Like many people before him, he does this without taking into cognizance the facts and extenuating circumstances of each relationship. Without realizing that no matter the amount of statistics and/or theories you throw at a relationship, it will only succeed as long as the two people in it work for it to succeed. That no partner to a relationship, whether male or female, should do the work alone. That when every relationship fails, the women as much as the men are to blame.

Ekene joins people like Beyonce to confuse women by their exposition of theories. Standing from some rather misconceived hallowed ground many such people give a long list of reasons why they should not stay in relationships without first looking at where they themselves stand.

In singing her song “Put a ring on it…” Beyonce tries to convince women to leave their men and look for others to forge ahead with if he does not marry them on time despite the fact that she waited for several years for her man to marry her.

In the song “Independent Woman”, she proclaims to women to pursue success on their own devoid of reliance on men despite the fact that one of her most motivating figures is her father (who doubles as her manager) and that she depended on her then boyfriend, Jay-Z, for some of her hit songs.

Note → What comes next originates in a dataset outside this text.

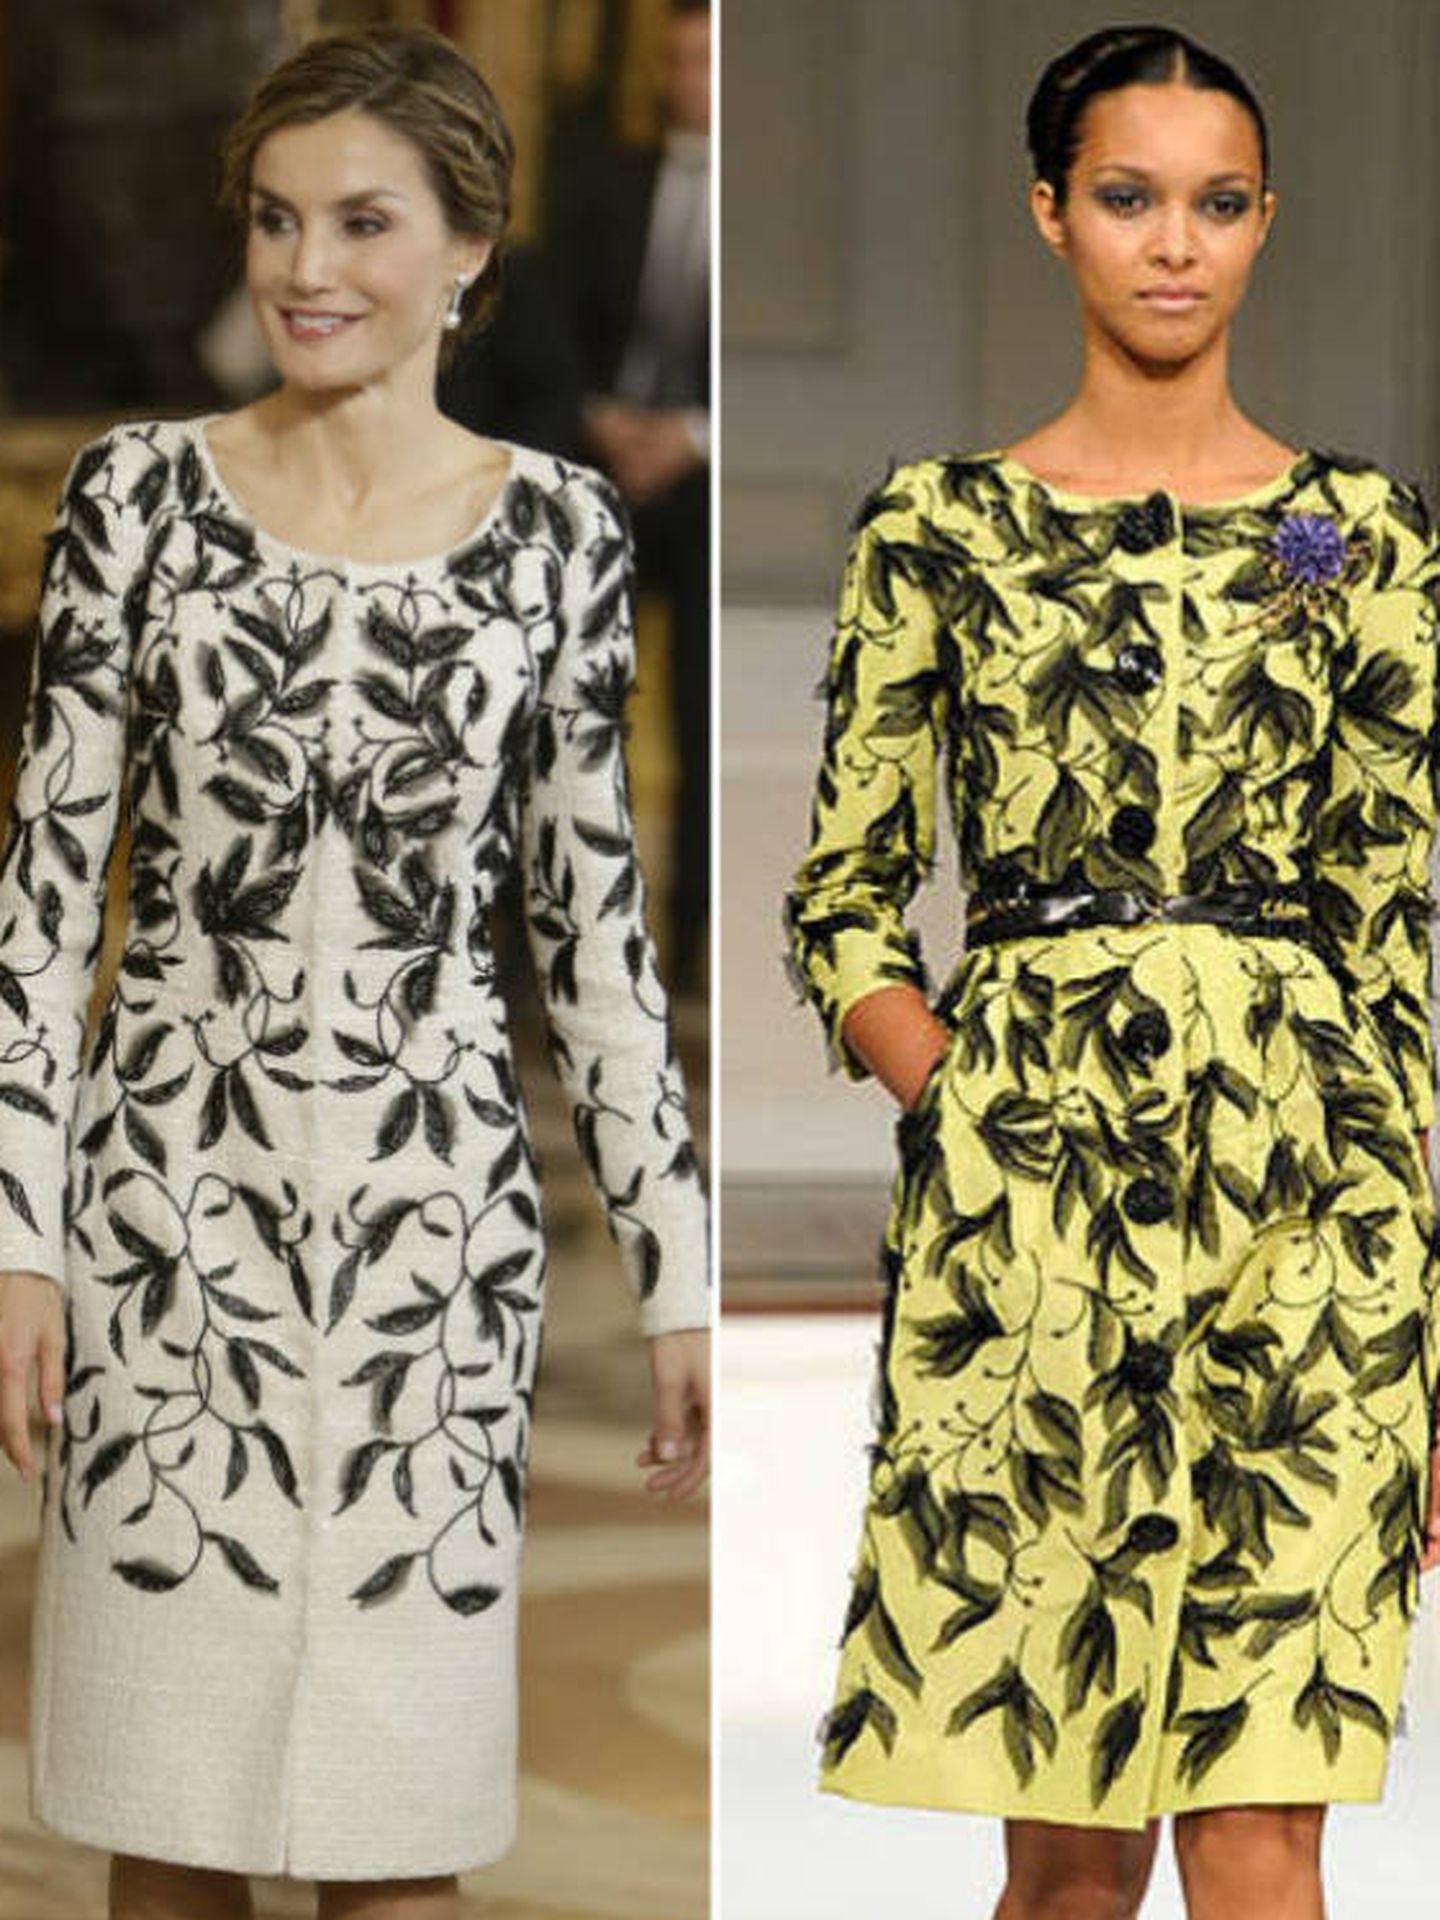 El vestido de la Reina que causó polémica.   (Montaje Vanitatis)
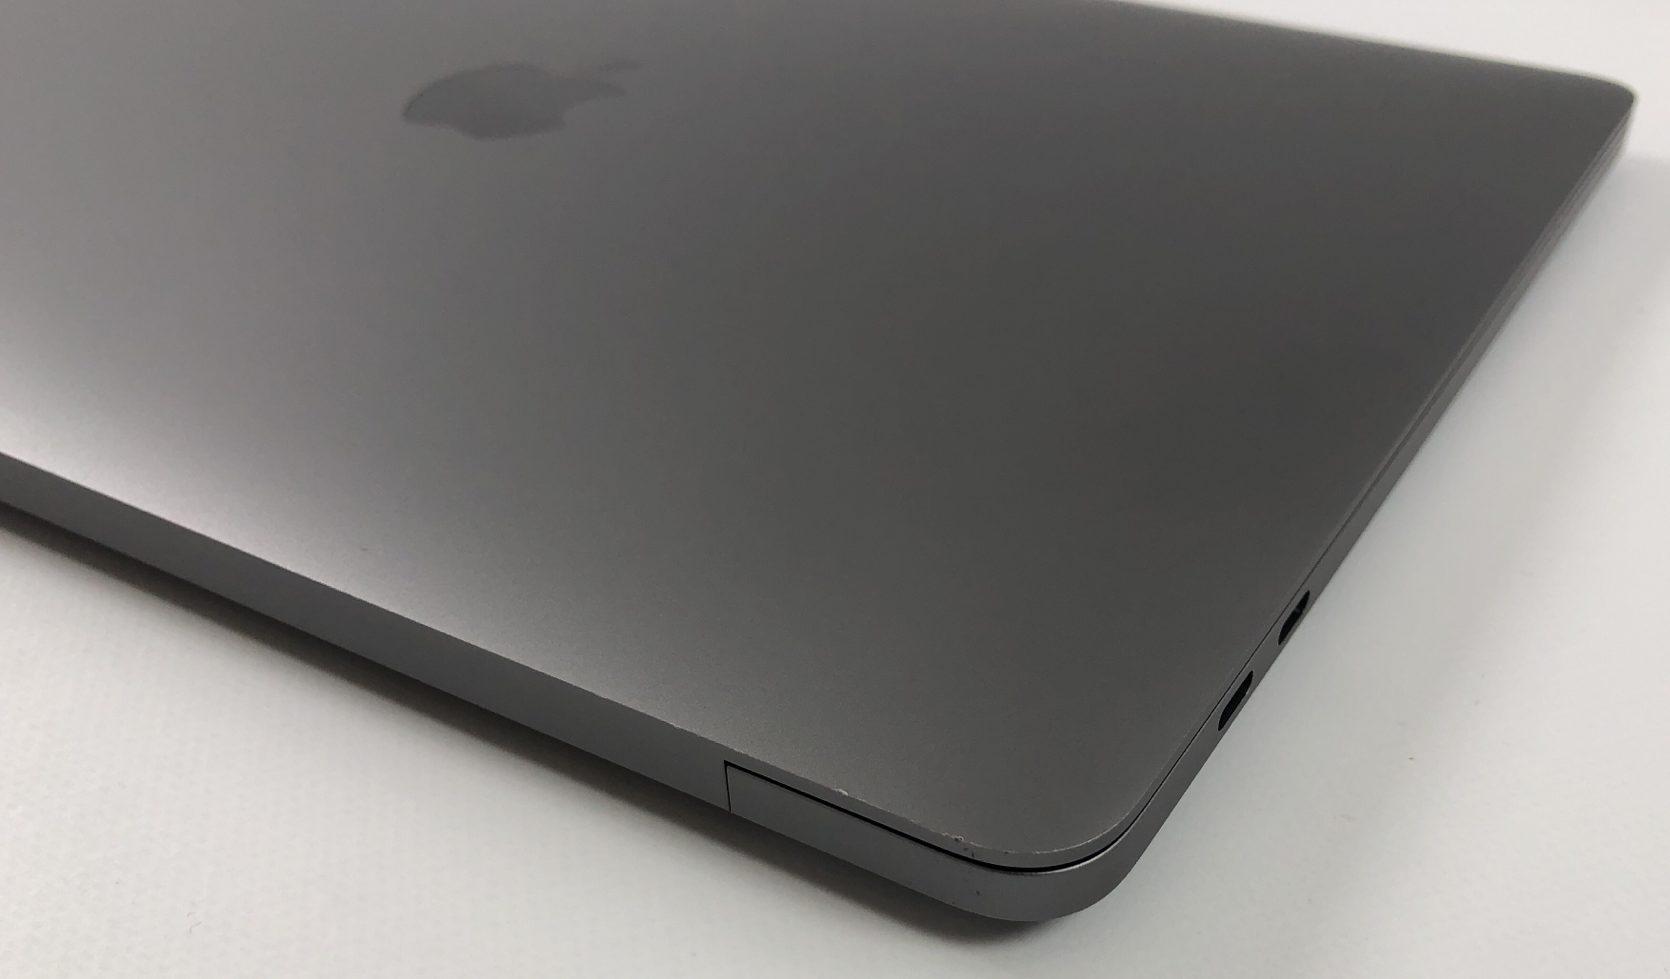 "MacBook Pro 13"" 4TBT Late 2016 (Intel Core i5 2.9 GHz 16 GB RAM 512 GB SSD), Space Gray, Intel Core i5 2.9 GHz, 16 GB RAM, 512 GB SSD, Afbeelding 3"

In singing the song “No Scrubs” and “Bills, Bills, Bills”, TLC and Beyonce gave the impression that a man with no money, or not enough money or less money than a woman, is just not a man and is therefore not worth any sort of dalliance with. Is there any man that has had that song sang to him? Whether by words or actions? Can I get a witness?

Did any woman reading this get that impression? As a result of the impression did you follow it and refuse to date men not as financially well to do as you? Did that leave you in a better place? I would really like answers.

I am sure most men, perhaps even Ekene has a wife/girlfriend who has made excuses for him, had to adjust to him and his standards in some way and maybe was even or is even under pressure for the next step to be taken. That, my dear, is the way of the world.

The point that everybody- man, woman and child, should understand is that no particular gender holds the key to any relationship success or failure. It depends on the particular individuals involved and the manner in which they conduct themselves.

The sad state of affairs is that there are many terrible men out there. Men who plunder and pillage women. Who wreck hearts, lives, opinions, beliefs. Men who make even other men cringe. Who provide stuff of legend and bar tales.

But the truth is that there are women like that too. Who will stop at nothing to get what they want, who use men for sex as well, who pillage and plunder and make men do all the things that Ekene wrote in his article. Who have also done to many men what men have done to many women.

That being said, I will never subscribe to an opinion that says only women are the prize worth. The notion that no matter how hard I work, how well I treat my spouse, what I do to make myself an attractive option, the way I am with my children I will never be regarded as the crown over my wife’s head is unacceptable.

This is because there are good quality men out there. Men who are the stuff of dreams and romantic novels. Men who know how to treat a woman right, in the office, in the gym, on the streets, in public, in private, in bed. Many women will testify that they have met good men in the course of their life. Whether or not that relationship ended the way they desired is a different matter all together.

I will like to believe I am one of such men. And, I am surrounded by them. In my family, in the work place, on the street. Men to whose goodness I can testify.

That is not to say that I have not broken hearts, or caused a woman to lower her standards, or had a woman make excuses for me. But, I have also had my heart broken and have lowered my standards. I have searched in a bag of nothings for something. And I most definitely have made excuses.

All those things make us who we are and help define our lives because they happen to us all. Not just to women. But to men as well. There is indeed a ring of poetic justice to it all. As they say, what goes around comes around.